Public’s difficulty in following some existing laws lead to habitual violation



The public unintentionally violates some laws as they find difficulty in following them, Lower House MP Aung San Suu Kyi, the chairperson of Rule of Law, Peace and Stability Committee.

The statement was part of Suu Kyi’s reply that the question that was raised by reporters about the Section 18 of the controversial Peaceful Assembly and Procession Law in Nay Pyi Taw on August 30.

Amending some existing laws like that can help rule of law, said, Suu Kyi, adding that MPs from the National League for Democracy, the opposition party, will submit proposals on controversial existing laws to the parliament.

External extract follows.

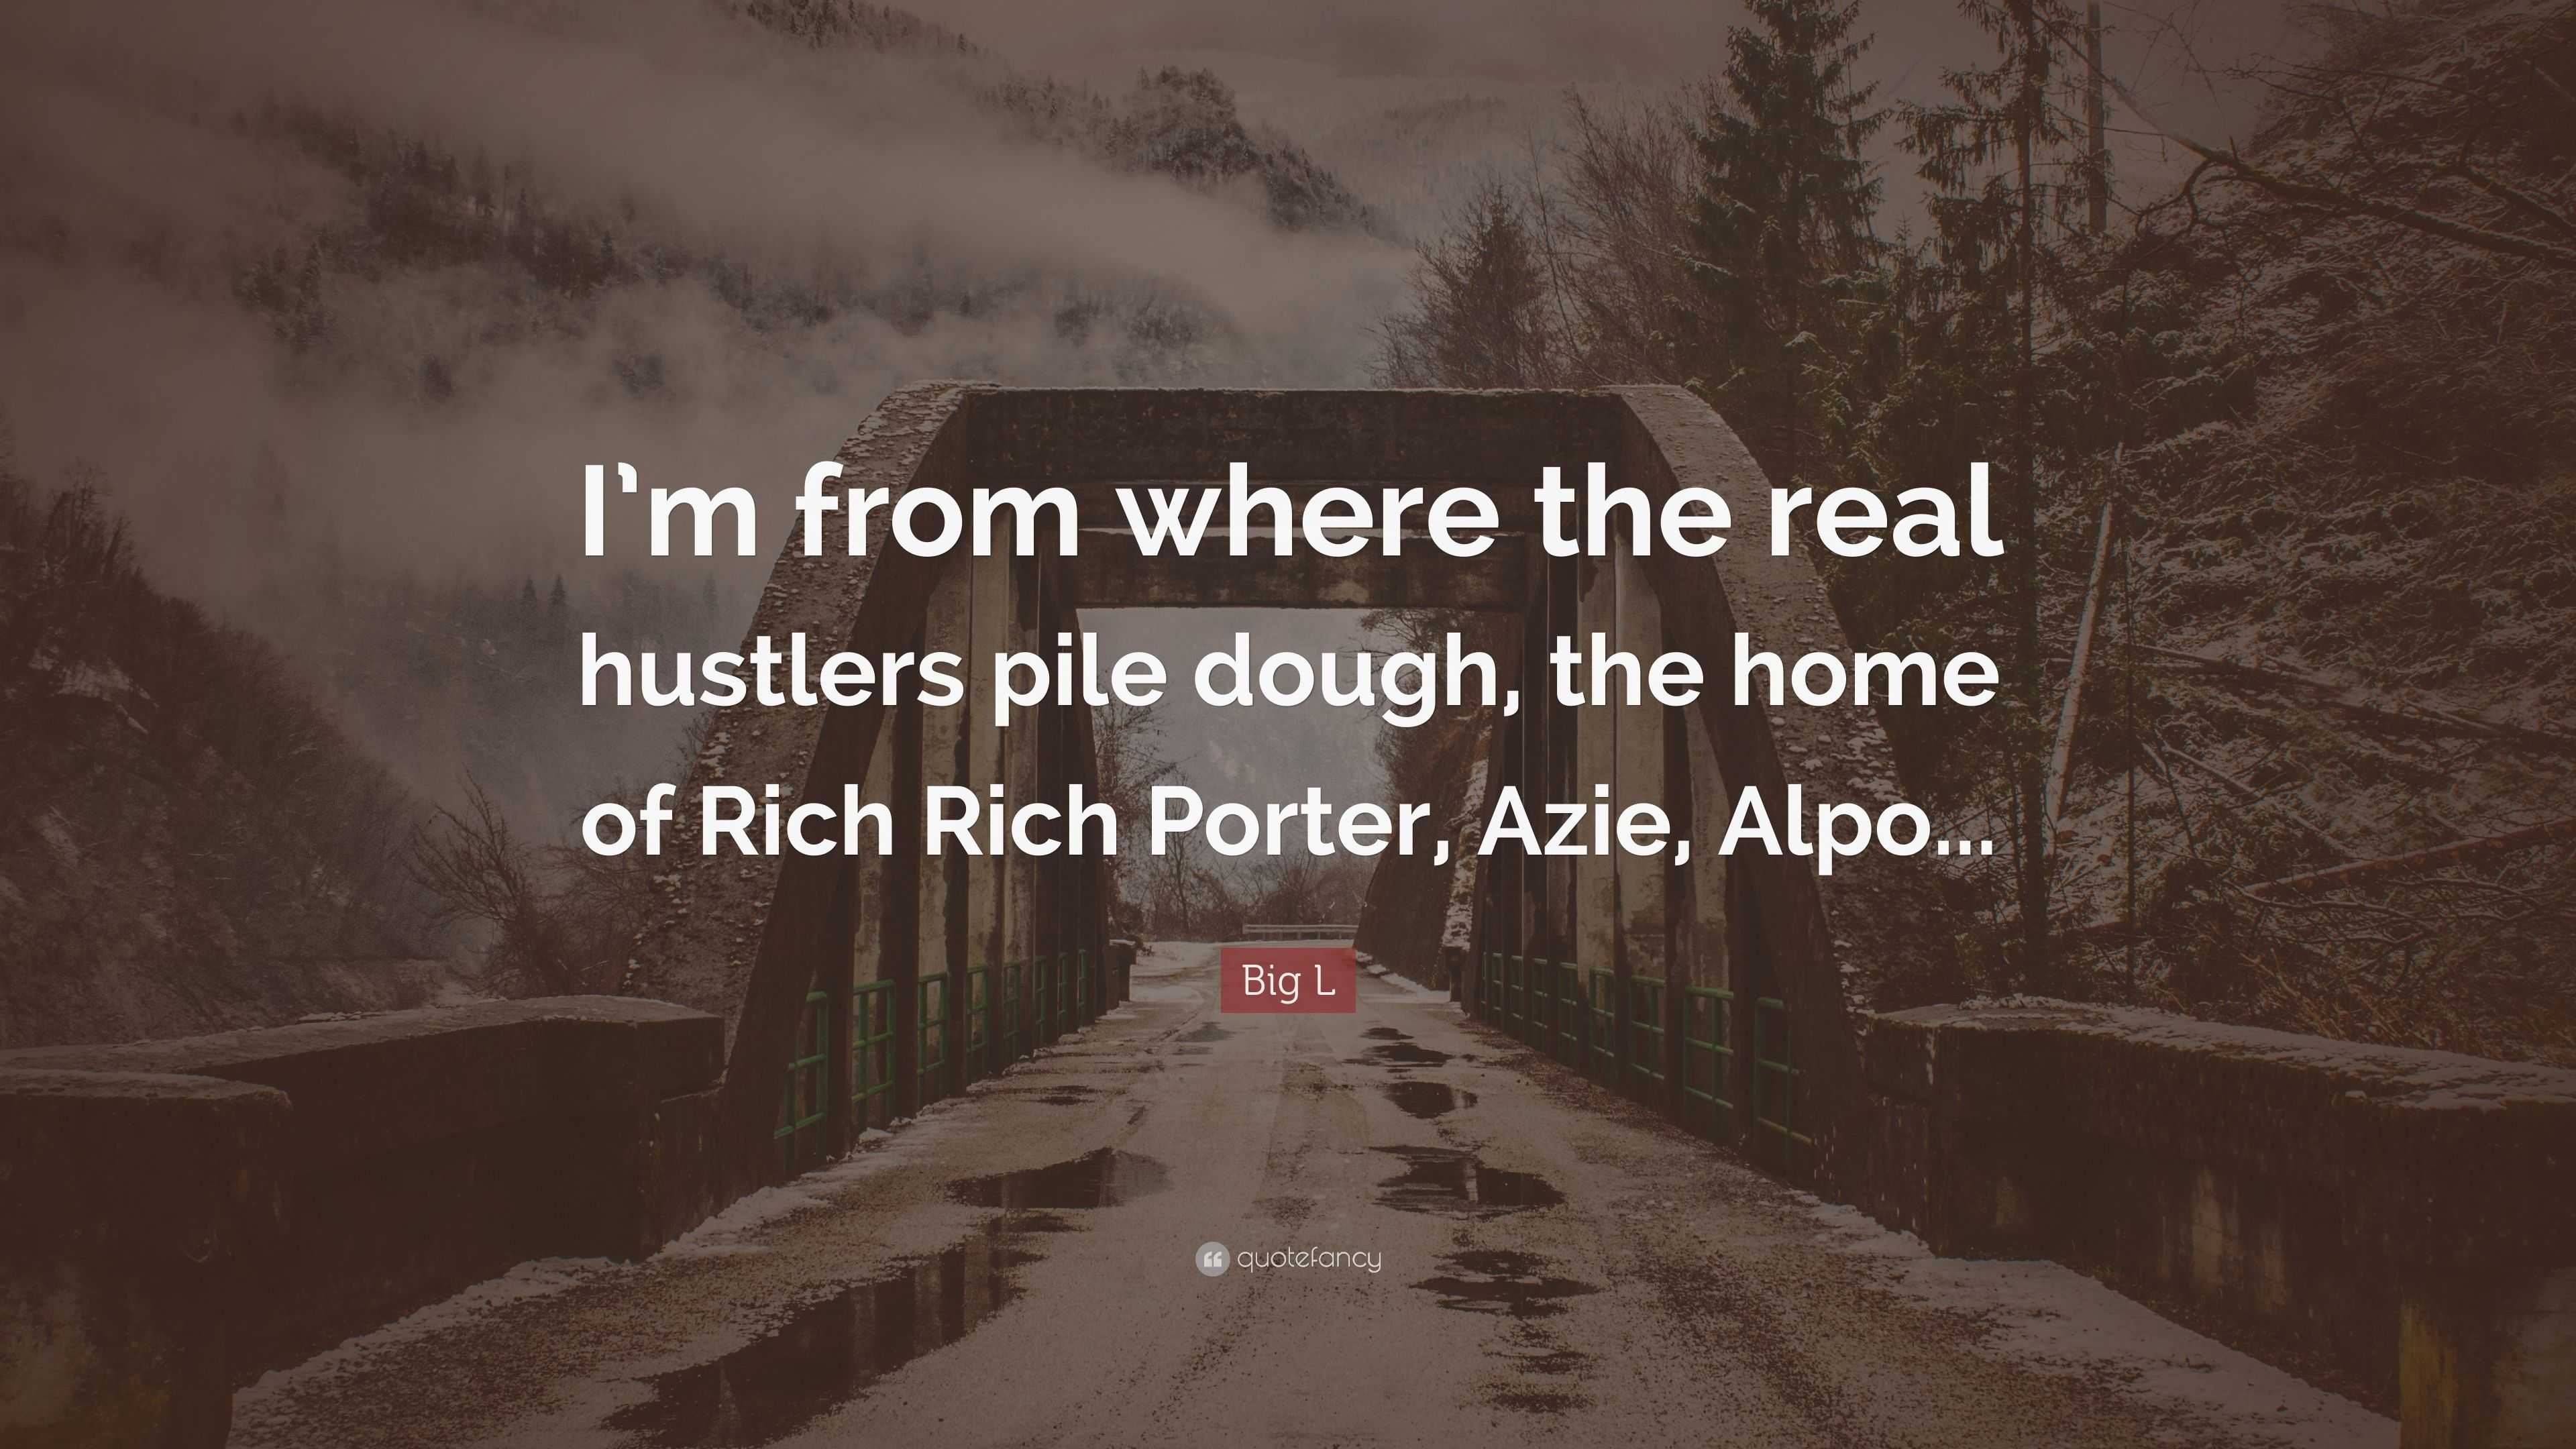 Big L Quote: “I'm from where the real hustlers pile dough, the
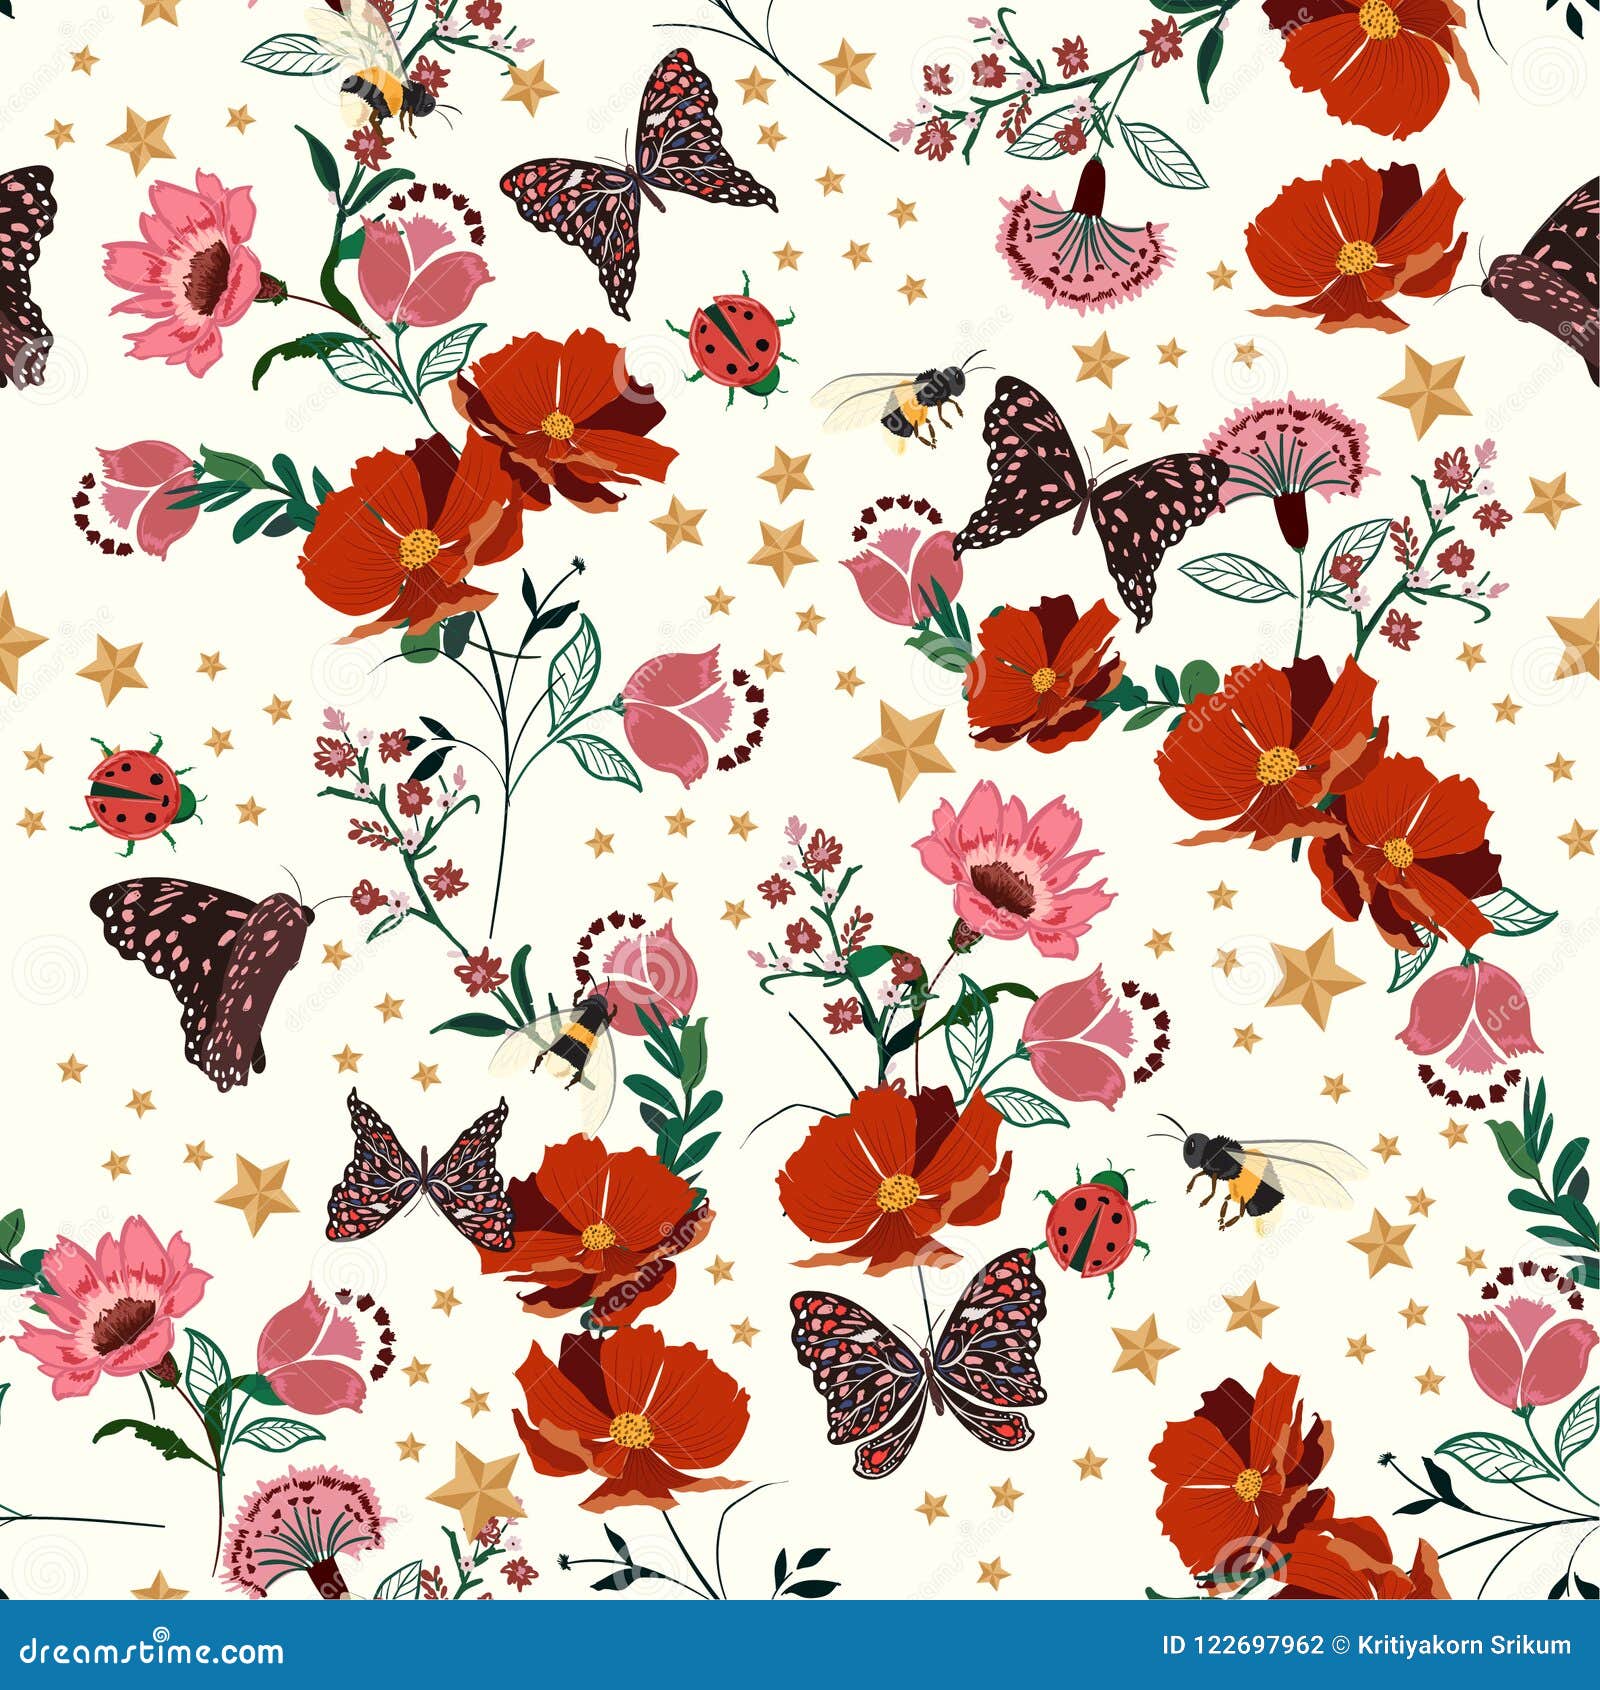 beautiful retro blooming flowers with insect,bees,butterfly,ladybug,with vintage stars seamless pattern  repeat for fashion

Many of the protests can be commonly seen in democratic nations. The NLD already accepted that it is required to review the protest law. One of MPs in the party will submit a proposal to the parliament. I thought that the proposal would be on the agenda at the next meeting. As rules and regulations have requirements, protests become unofficial, added Suu Kyi.

There were those being behind the bars under the Section 18 of Peaceful Assembly and Procession Law and therefore, demands said to amend this law. The executive sector is responsible for putting laws enacted by the parliament into effect on the public, said Suu Kyi.

The executive and judicial sectors must mainly perform tasks for prevalence of rule of law. All the entire people need to participate in this process, said Suu Kyi.

There were 16 laws enacted by the Union Assembly parliament at the seventh session of the Union Assembly parliament.